Thus did Hastert institute a culture of brute power in the House divorced from both rules and tradition, not to mention consistency. As term limits on the Speaker were dropped, Hastert himself used the excuse of term limits to force out independent-minded Joel Hefley as chairman of the House's ethics committee. (Even Hastert's reading of the ethics term limit rule was tendentious: Hefley's stint as chairman had lasted only four years, not the prescribed limit of six.) Yet at the very same time he was citing term limits to force out Hefley, Hastert waived term limits to keep the slavish David Dreier as chairman of the House Rules Committee two years longer than the rules ordinarily allow.

All of this is only background, mind you, to explain just how long, and how pervasively, Hastert has exhibited the arrogance of power that leaves him clueless both as to ethical concerns and as to the political damage such arrogance can cause to his own party. The House GOP's hubristic culture, the culture that makes its members feel immune to expected mores and to any blowback from a disgusted public -- the culture that, even after the Abramoff and DeLay scandals, makes them unwilling to pass serious reforms on ethics, lobbyist disclosure, and earmarks -- is what has led the House overall into even-worse poll ratings than the stupendously low scores President George W. Bush has been receiving in recent months.

Now comes Speaker Hastert, at the very first moment where House Republicans can push back against an image of corruption, to step all over both the law and especially the politics in order to assert a highly dubious congressional privilege. As if Congress doesn't already look privileged enough.

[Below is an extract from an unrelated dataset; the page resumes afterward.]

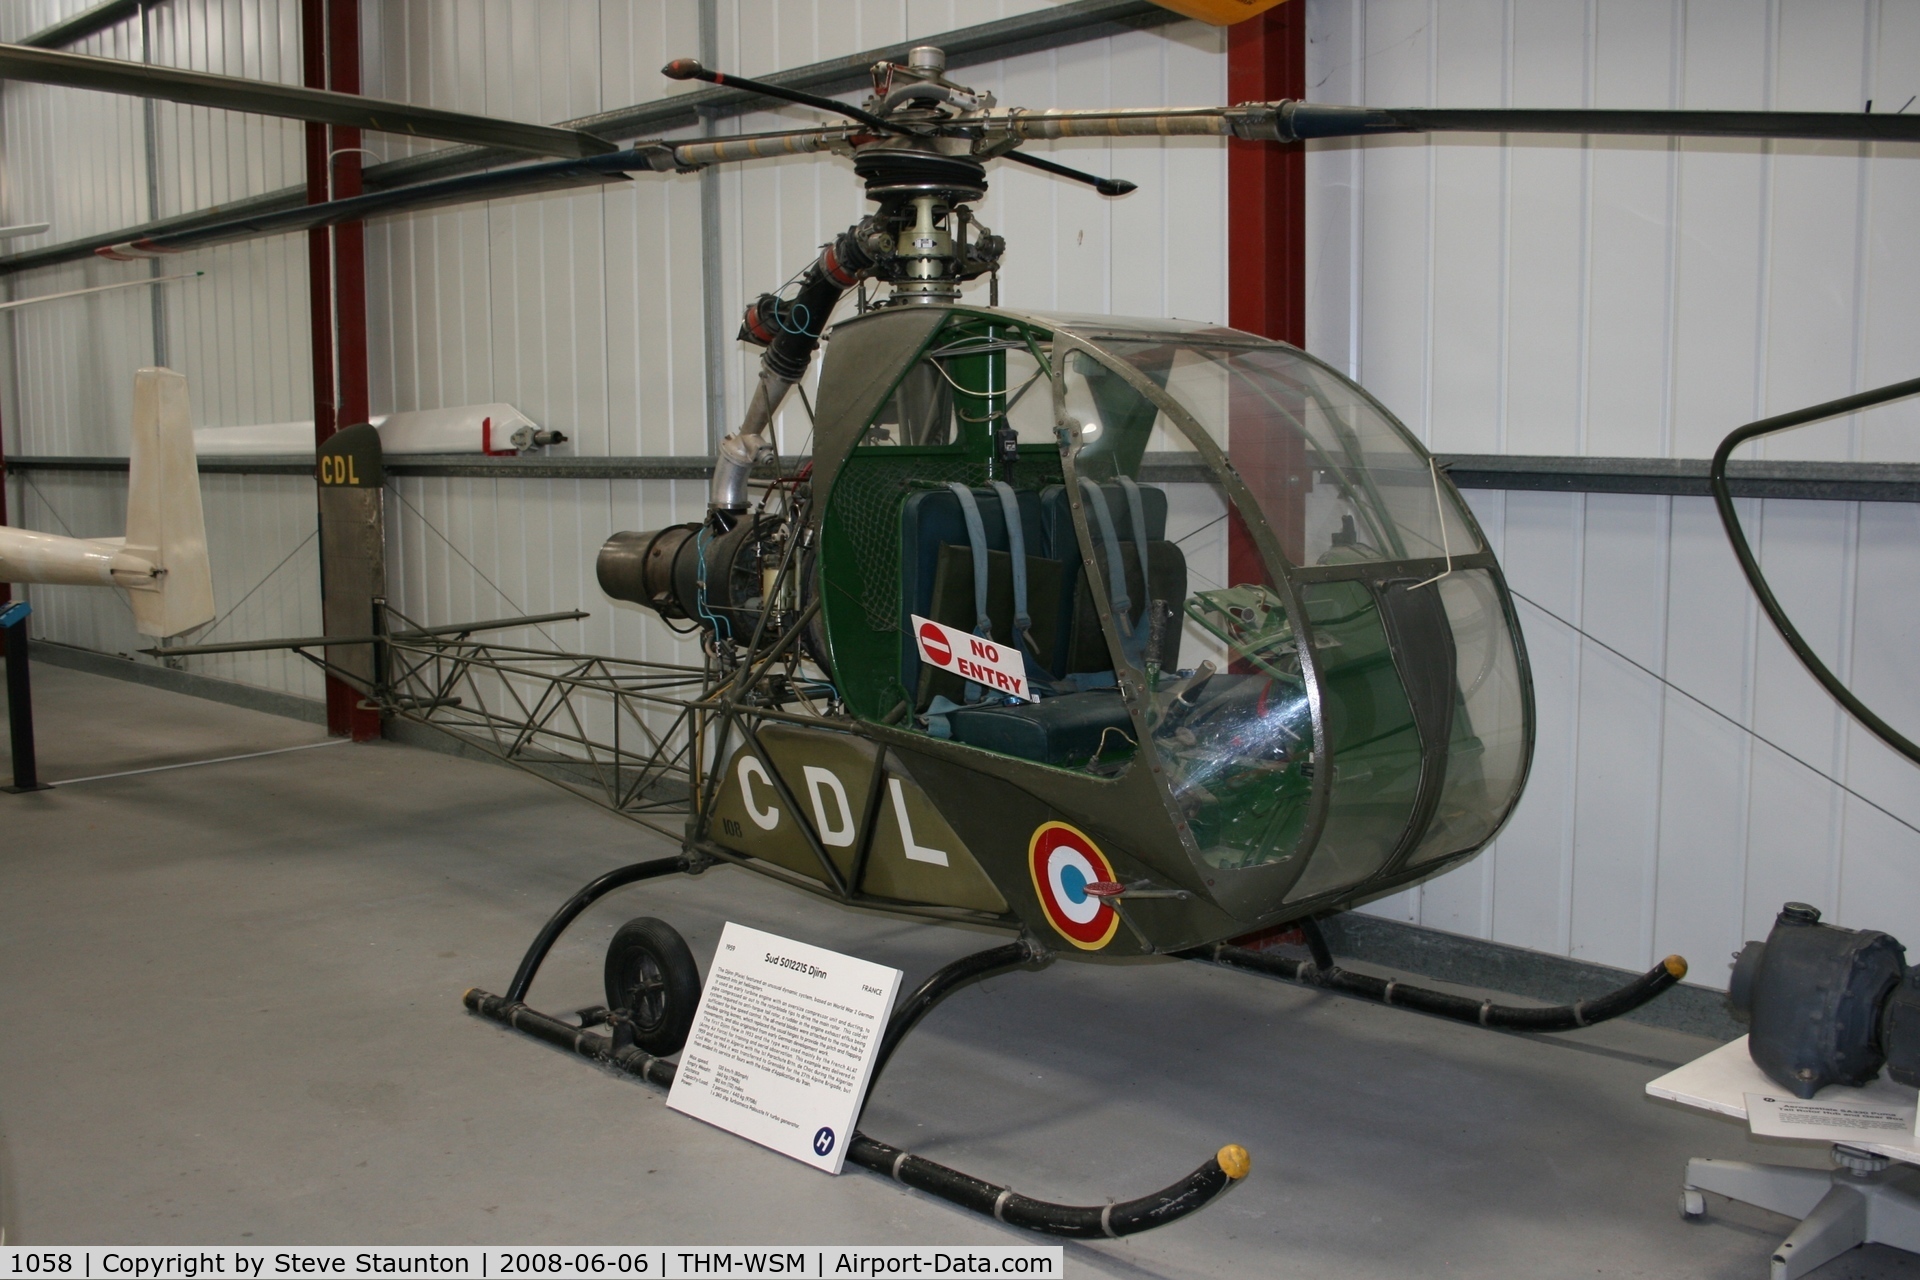 1058, 1959 Sud Ouest SO.1221 Djinn C/N FR108, Taken at the Helicopter Museum (http://www.helicoptermuseum.co.uk/)

READERS WILL BY NOW, OF COURSE, be familiar with the crazily loud and intemperate complaints shouted by Hastert about the FBI's duly warranted search of Rep. Jefferson's office. Legal opinion is somewhat fractured on the constitutional issues involved, but the dozens of both conservative and liberal experts who have pronounced the search perfectly valid does indicate, at the very least, that Hastert's assertion of legal privilege from such searches is far from a slam-dunk. All of which makes the intemperate tone of his complaints all the more objectionable: The more dubious the legal case, the more circumspect should be its embrace by a political leader.

Worse still, of course (in the short term, at least), is the nature of Hastert's political blunder. In the face of a general public already fed up with congressional malfeasance and self-absorption, the very last thing the Speaker should do is to sound as if Congress is above the law.

Sen. John Warner was entirely right, in contradistinction to Hastert, when he said that "Congress should not set itself apart from citizens. We should be treated alike when it comes to criminal codes." That bit of wisdom should be familiar to Hastert and others who signed the Republican Contract with America in 1994: As has been widely noted, one of the most popular, applause-generating parts of the Contract was its pledge to, "FIRST, require all laws that apply to the rest of the country also apply equally to the Congress."

The inviolability of one's own office space against a duly and carefully executed search warrant is far from being a law generally applicable to the "rest of the country."

If Hastert's outburst against the Jefferson search were an isolated incident, a rare lapse in judgment, it certainly would be forgivable. Because, however, it is part of a consistent pattern of abuses of ethical norms or of simple fairness, and because Hastert's own compromised image is helping drag down his whole party's electoral prospects for November, this Speaker should silence himself politically.

As Republicans realized way back when they first took the majority in Congress, eight years is long enough for any Speaker to become the source of horrible static -- and to be replaced, forthwith.